Task to complete -
Starting at the line that contains "Villa in vendita" and stopping at the line that contains "Posuvné měřítko Filetta", restate each line of the records below exactly. Omit the pictures.

Information given -
* * *

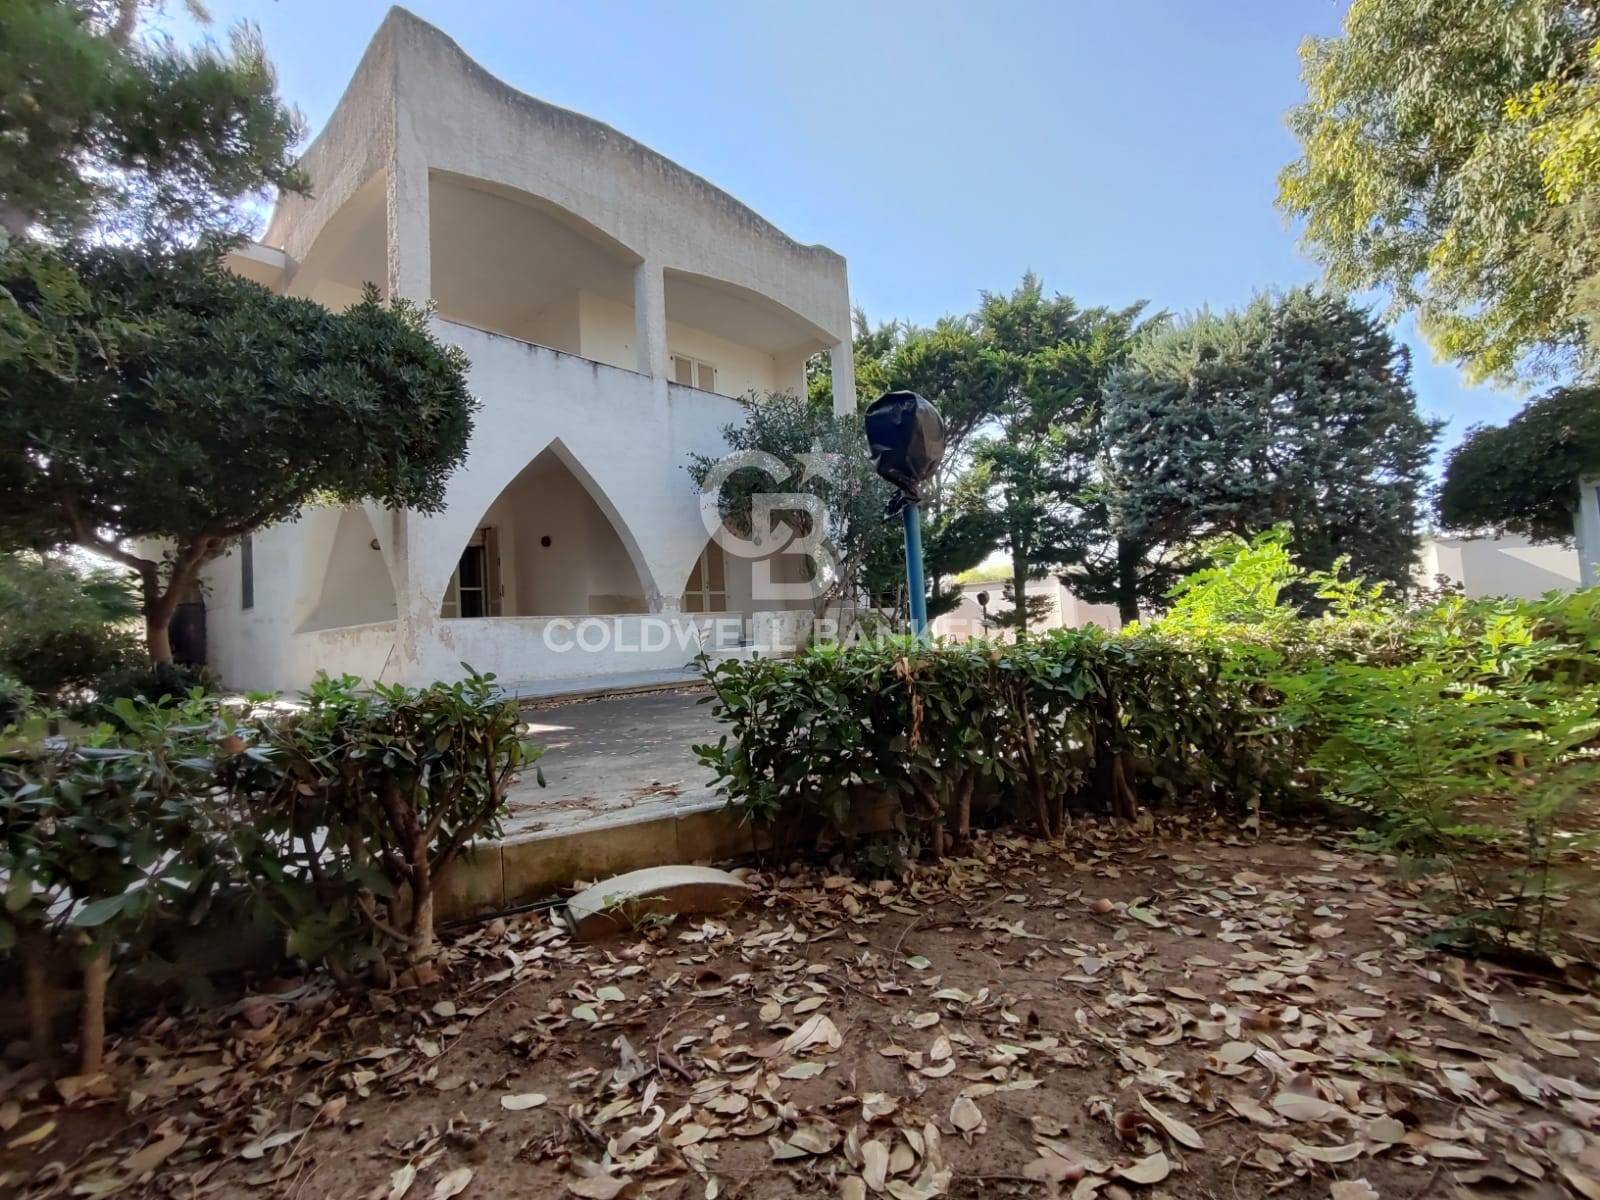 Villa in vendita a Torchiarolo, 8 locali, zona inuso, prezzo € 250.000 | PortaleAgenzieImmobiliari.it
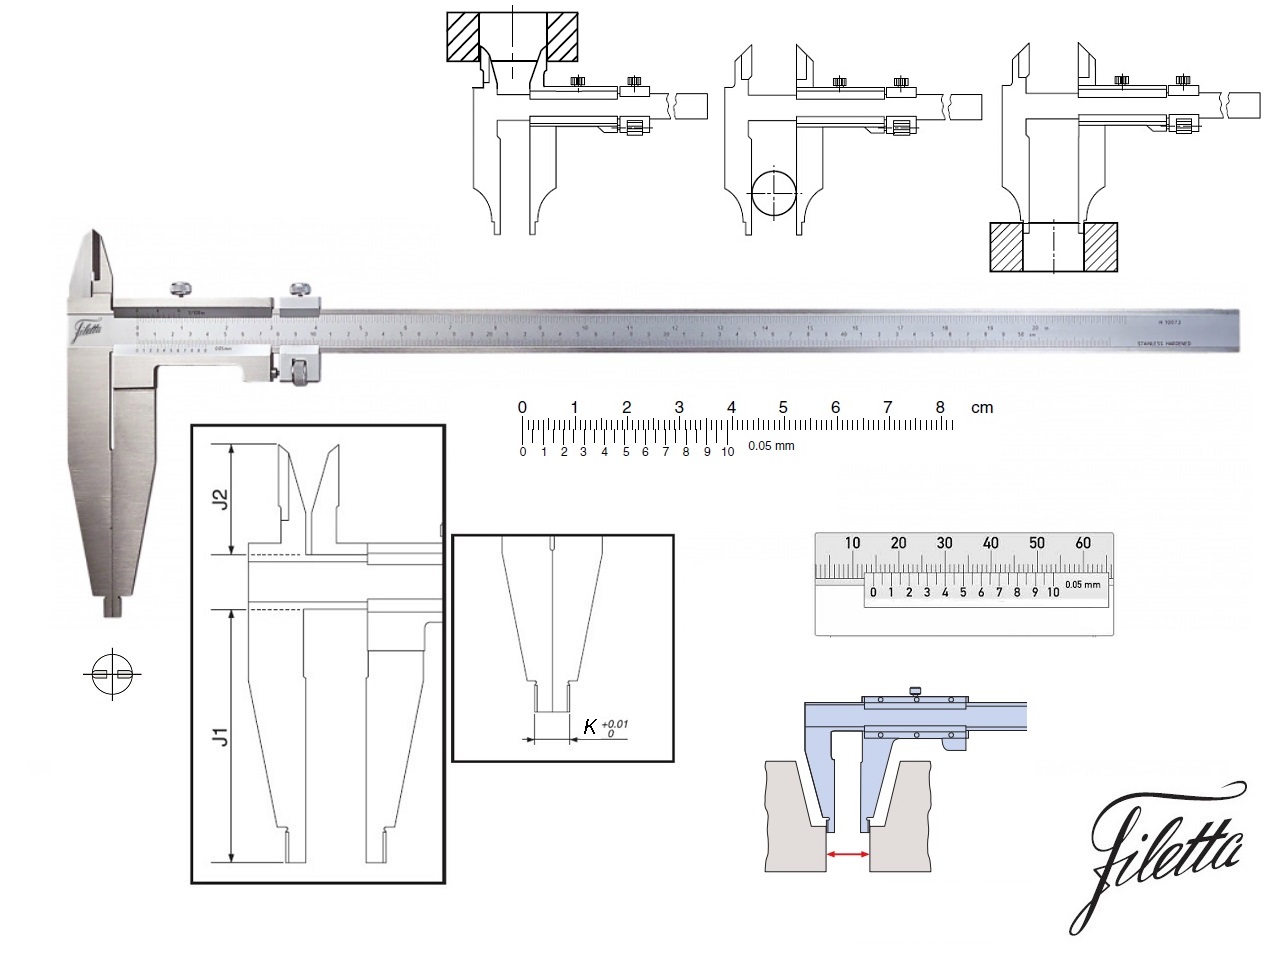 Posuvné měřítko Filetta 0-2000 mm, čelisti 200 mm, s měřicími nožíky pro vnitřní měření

* * *

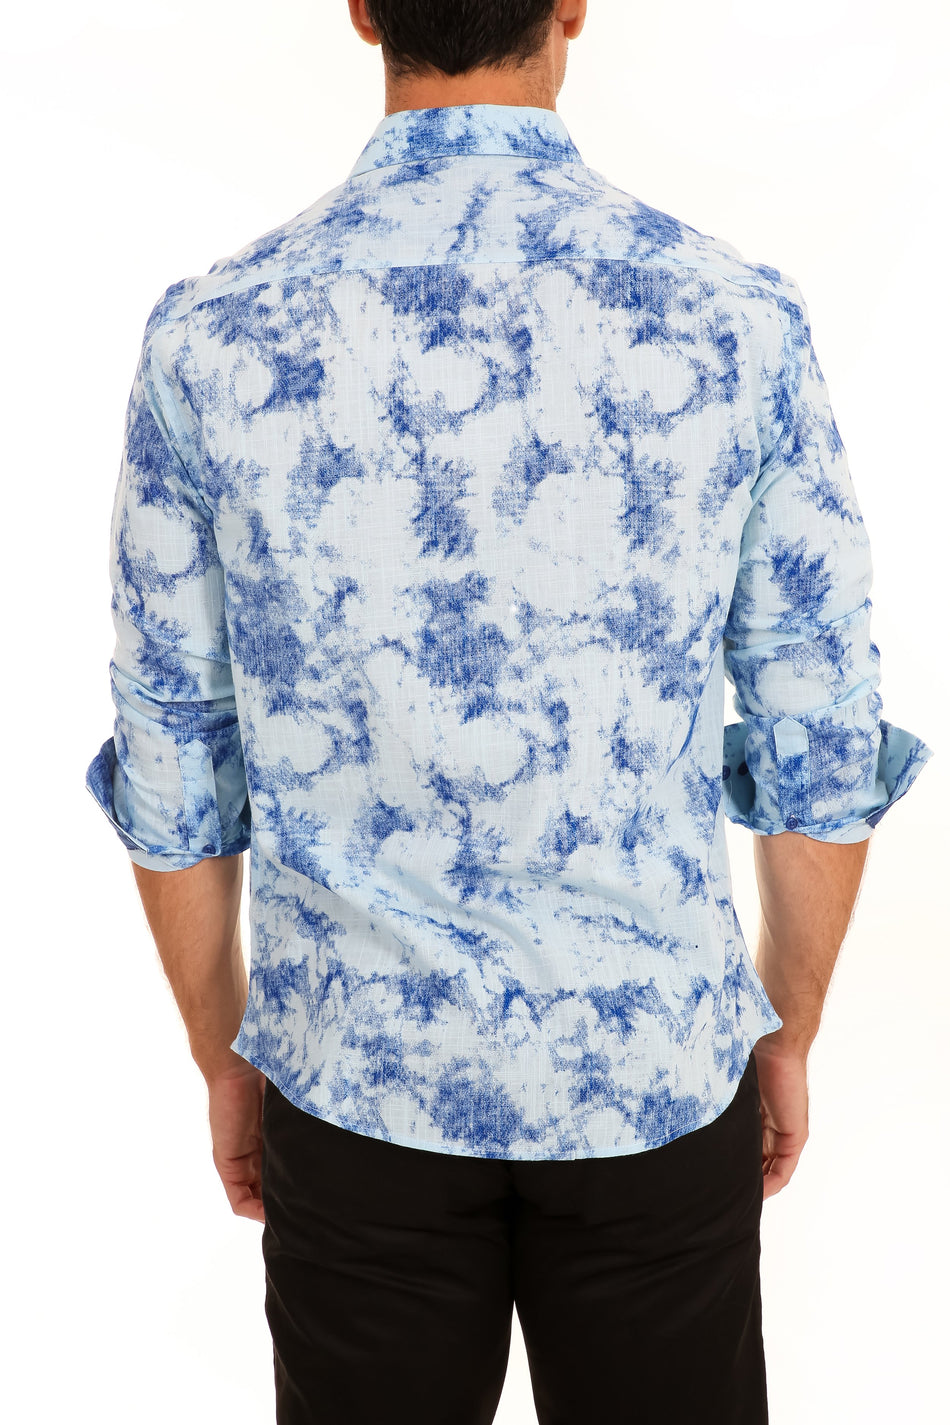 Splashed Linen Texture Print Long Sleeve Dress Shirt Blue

* * *

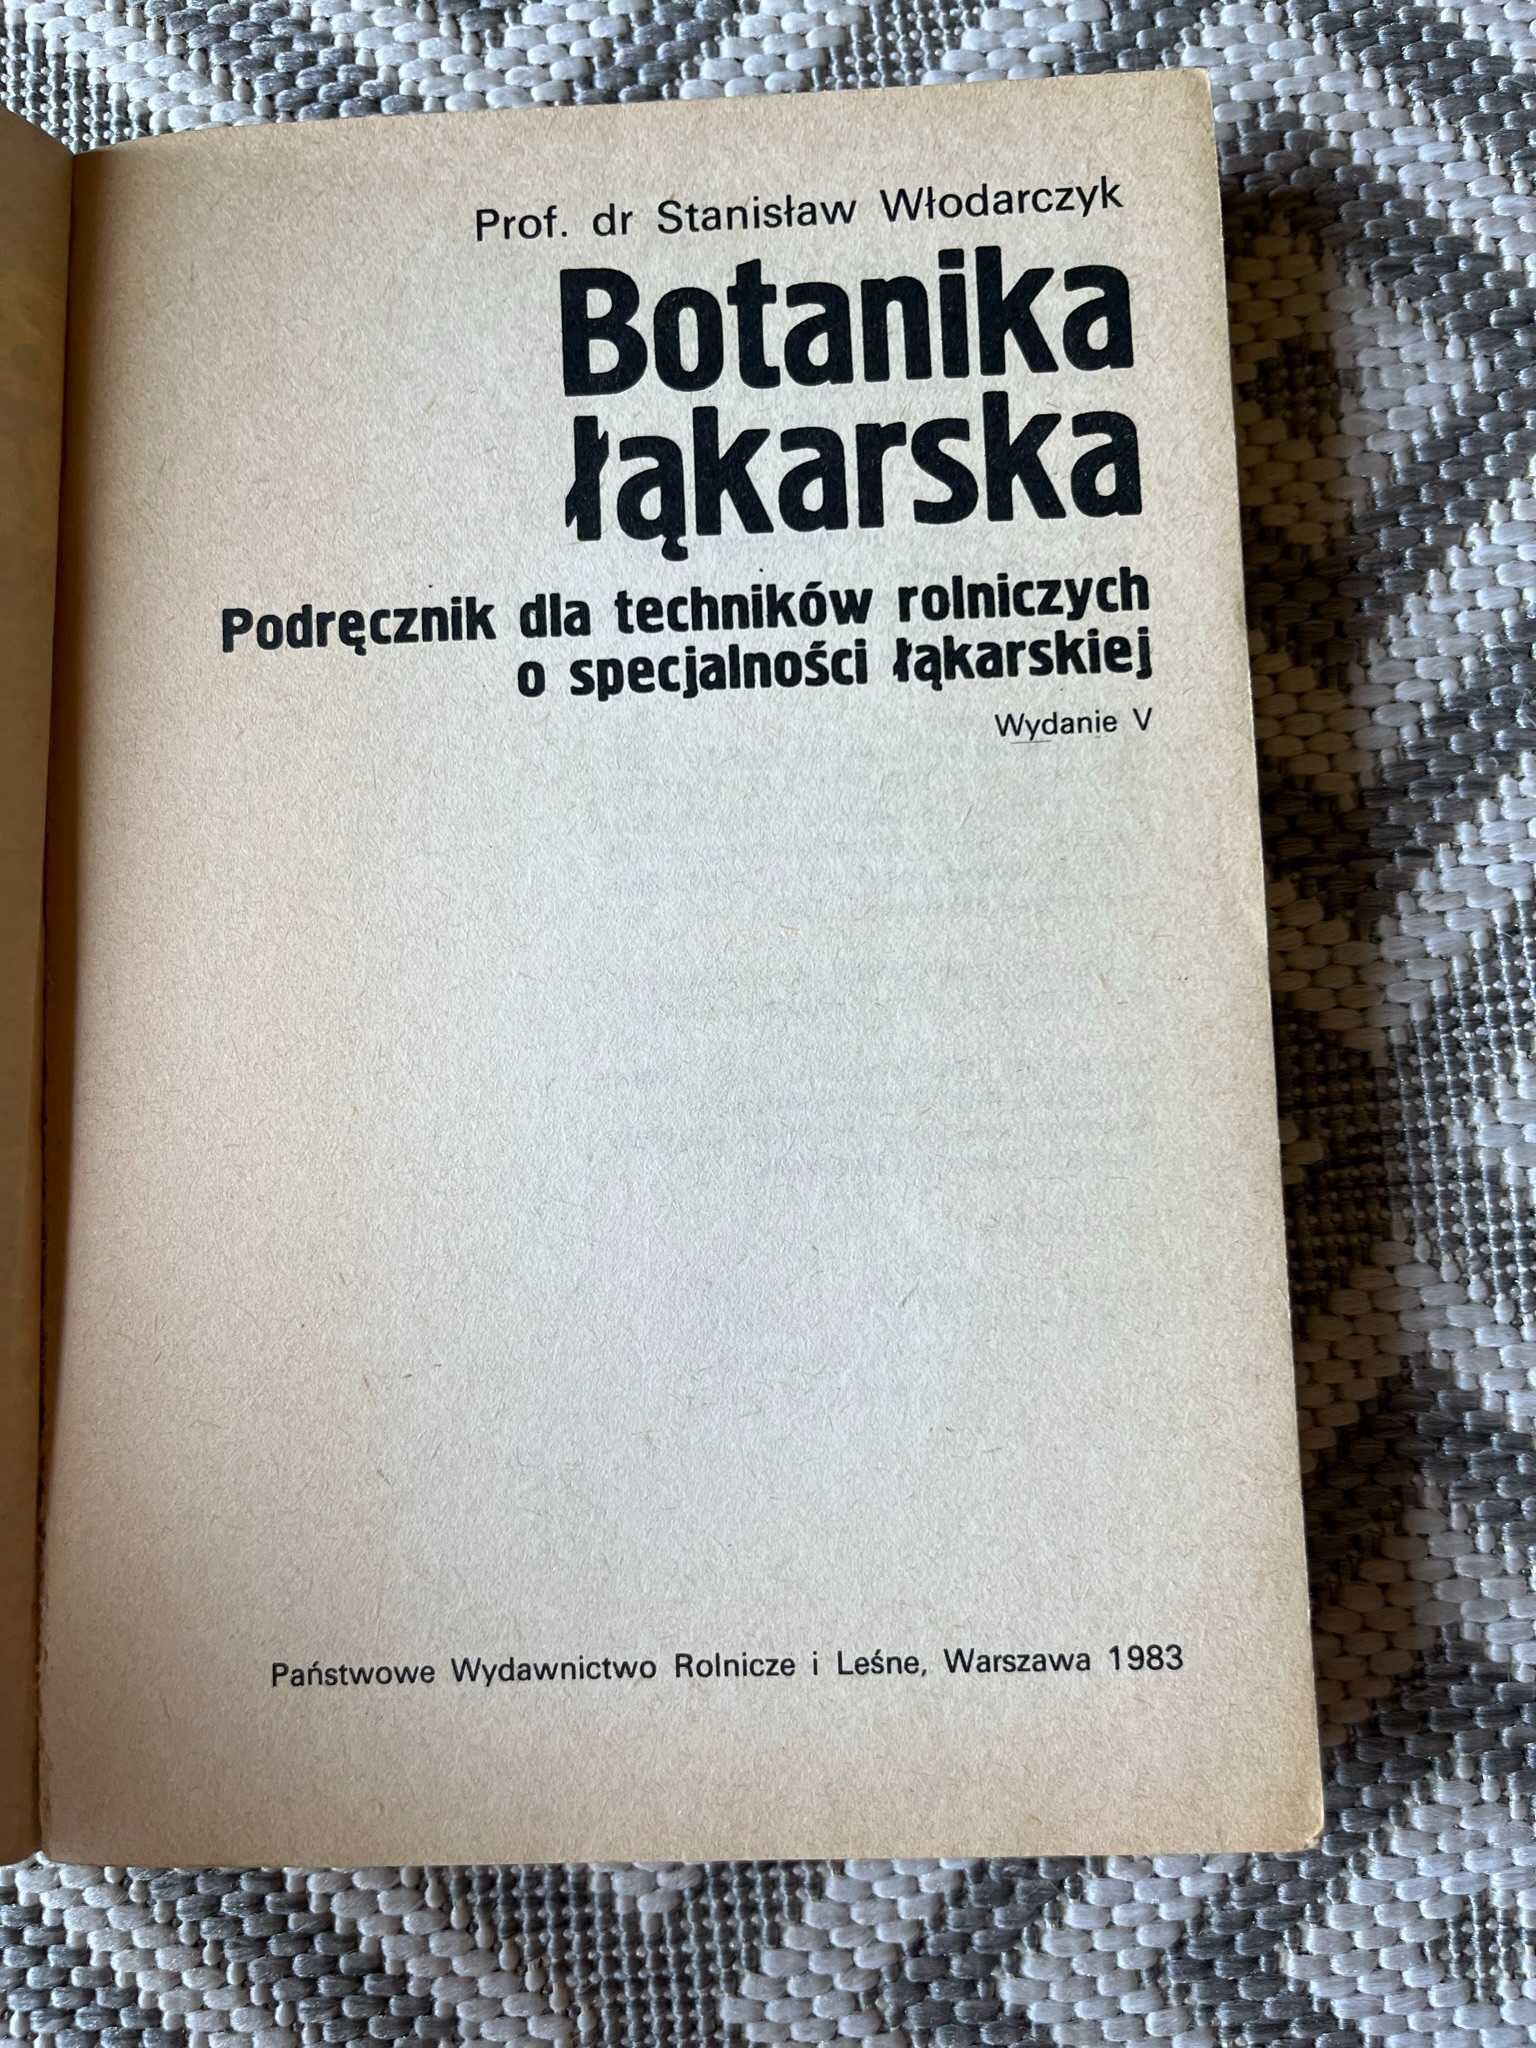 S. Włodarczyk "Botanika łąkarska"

* * *

Reply to the exercise -
 Villa in vendita a Torchiarolo, 8 locali, zona inuso, prezzo € 250.000 | PortaleAgenzieImmobiliari.it
 Posuvné měřítko Filetta 0-2000 mm, čelisti 200 mm, s měřicími nožíky pro vnitřní měření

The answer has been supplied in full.